Your assignment – Write out all the entries word for word, but skip any images.

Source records
================================

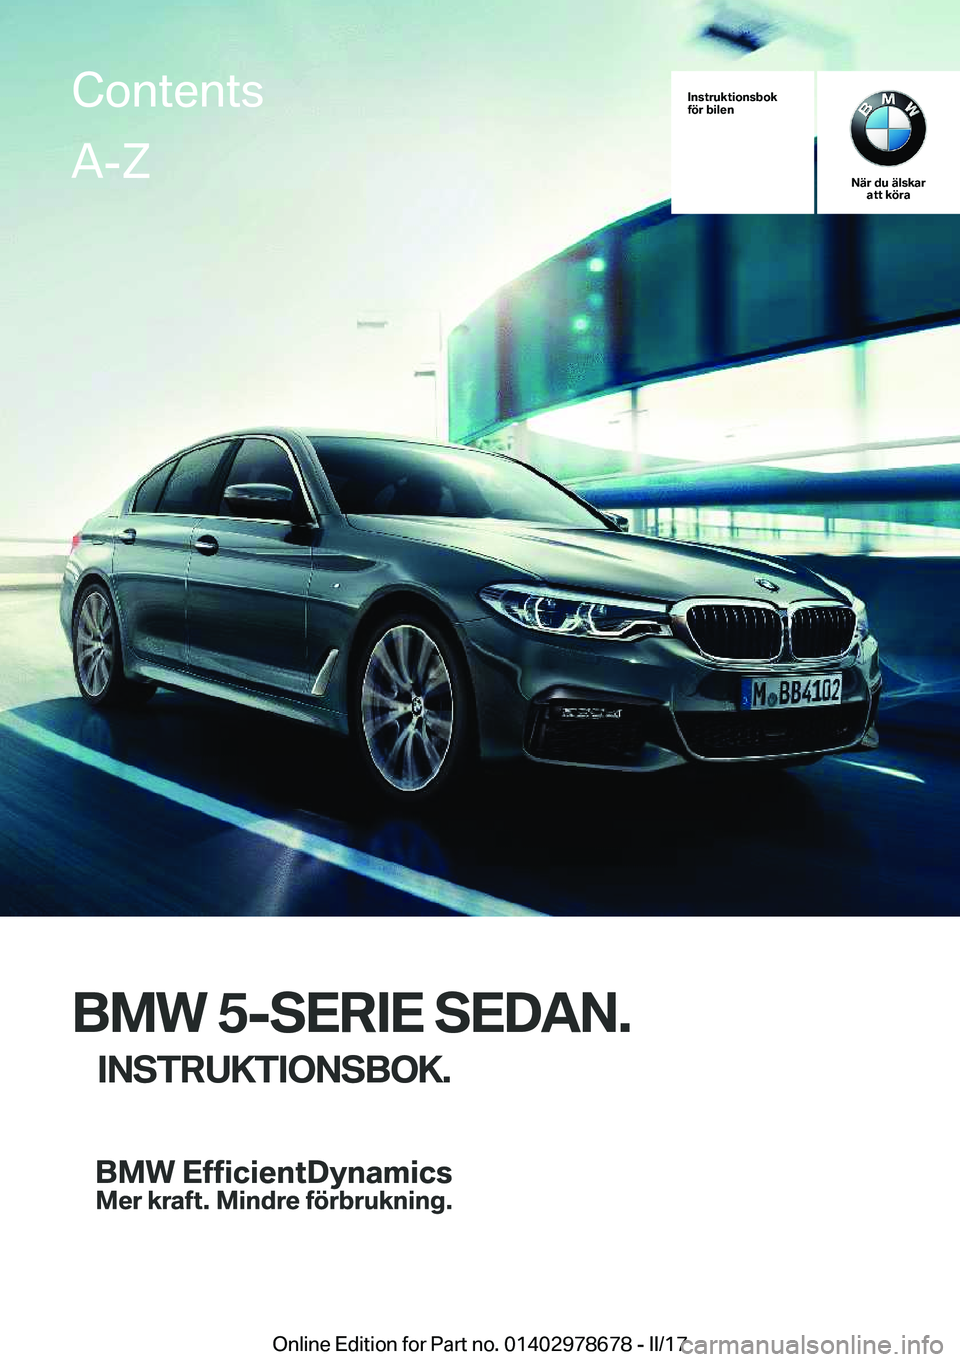 BMW 5 SERIES 2017  InstruktionsbÖcker (in Swedish) �I�n�s�t�r�u�k�t�i�o�n�s�b�o�k
�f�
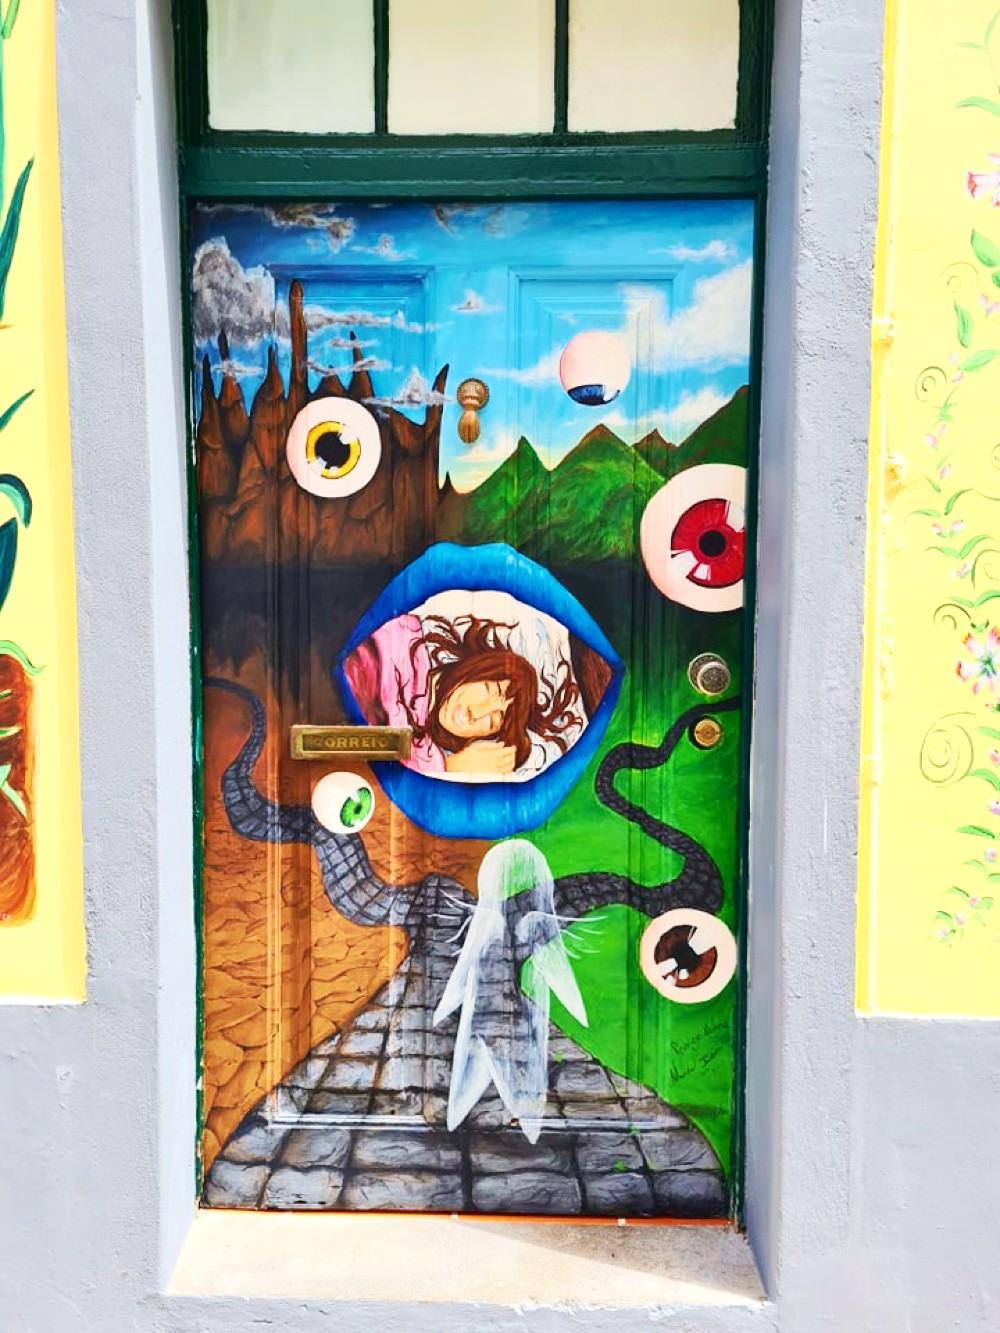 <img src="surreal.jpg" alt="surreal wall art in rua de santa maria"/> 
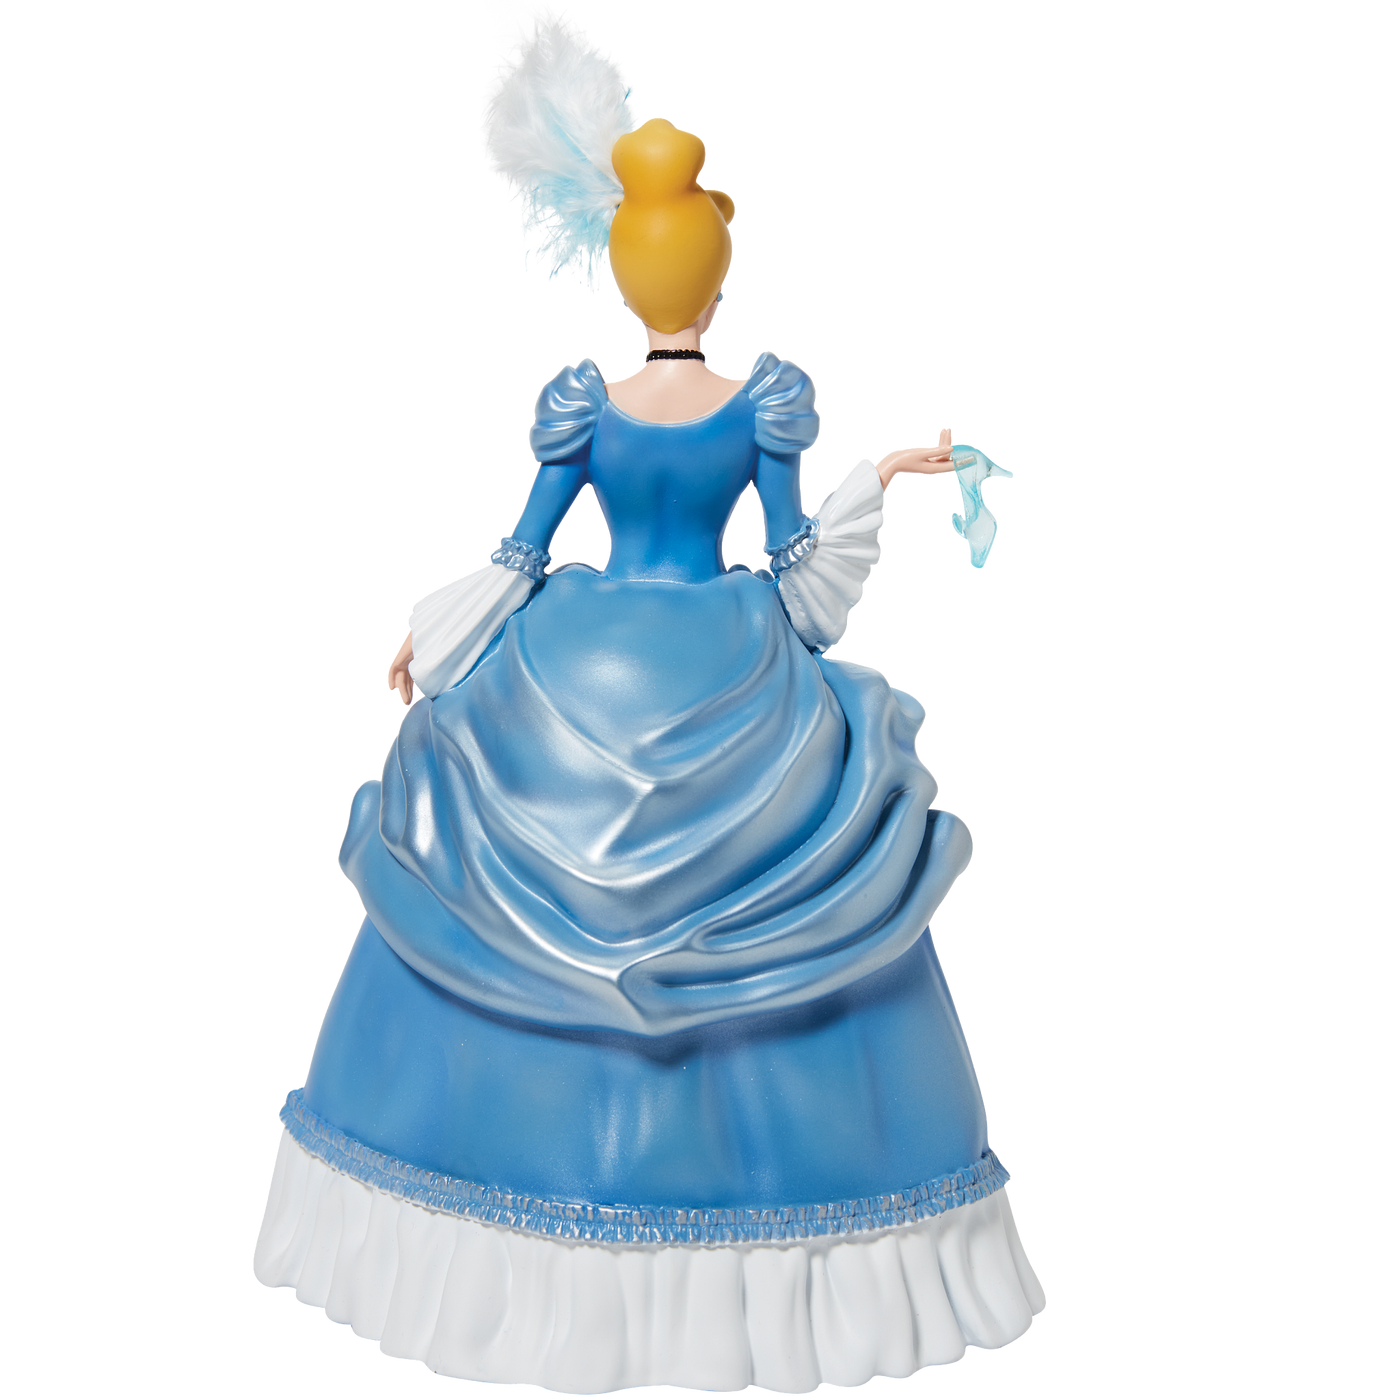 Cinderella & Lady Tremaine by Rococo
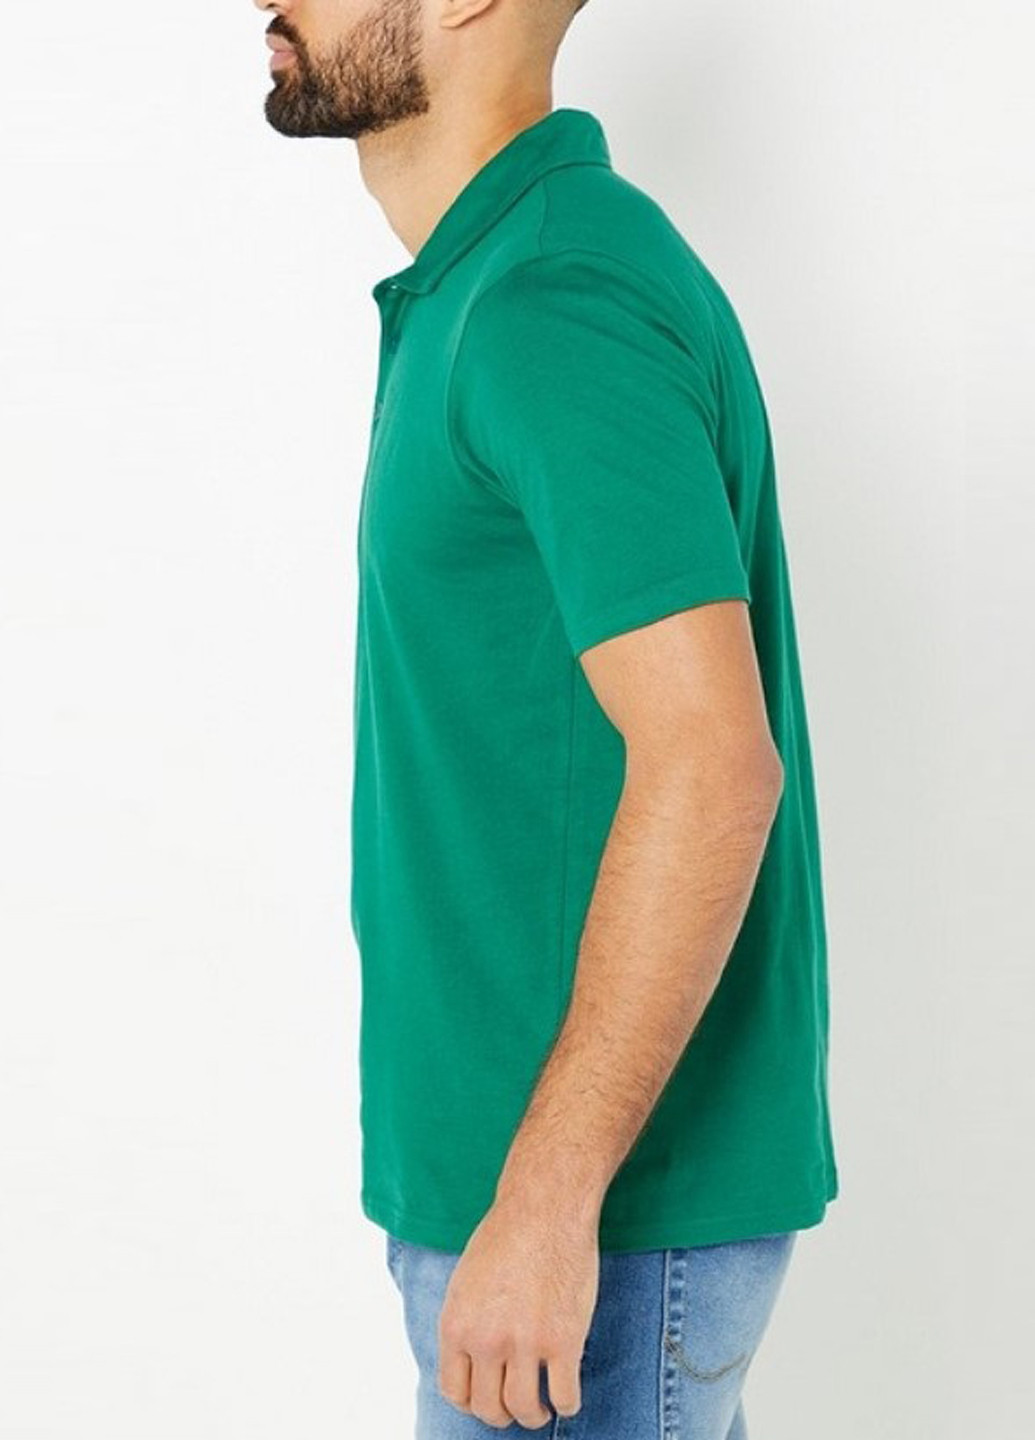 Зеленая футболка-поло для мужчин Studio однотонная
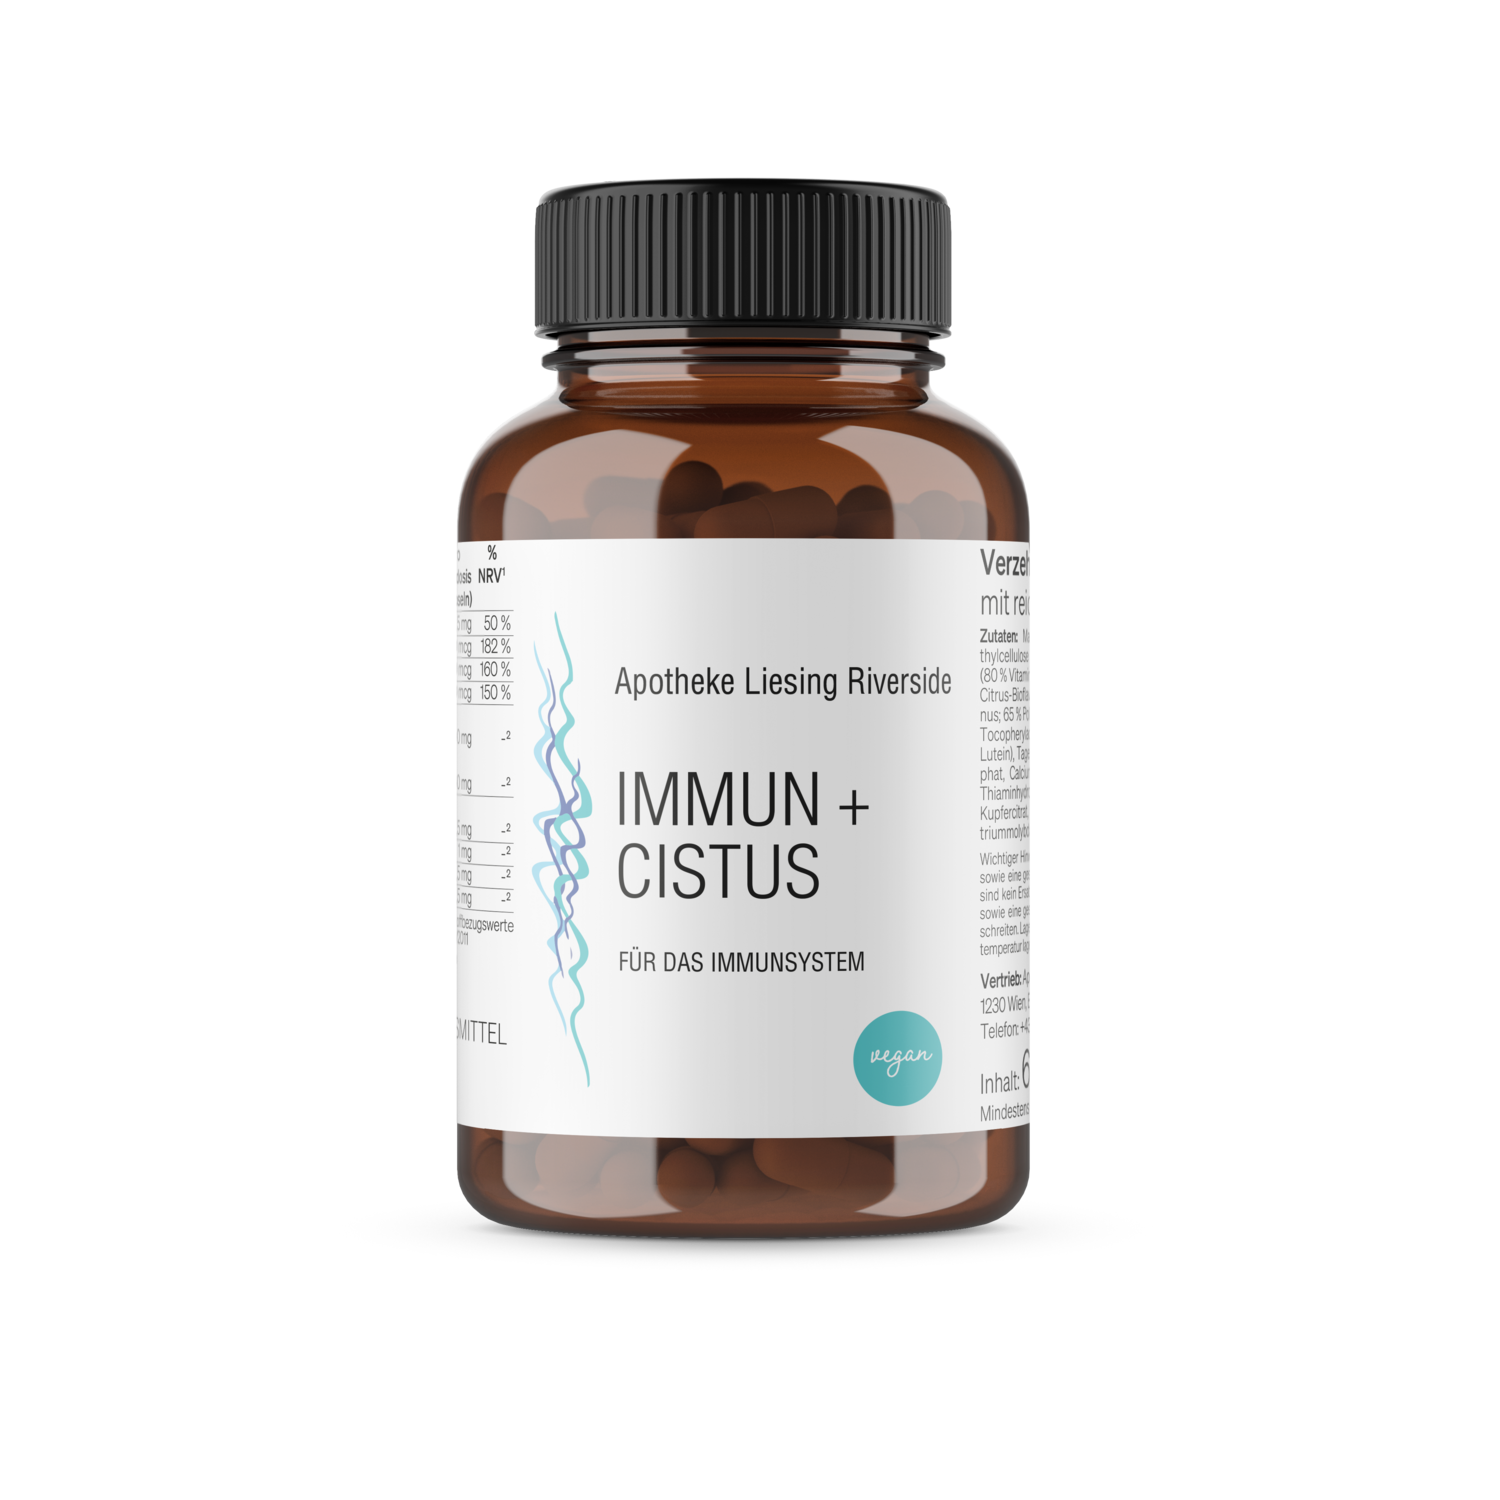 Immun + Cistus

================================

Reply to the task –
 BMW 5 SERIES 2017  InstruktionsbÖcker (in Swedish) �I�n�s�t�r�u�k�t�i�o�n�s�b�o�k
�f�
 <img src="surreal.jpg" alt="surreal wall art in rua de santa maria"/> 
 Cinderella & Lady Tremaine by Rococo
 Зеленая футболка-поло для мужчин Studio однотонная
 Immun + Cistus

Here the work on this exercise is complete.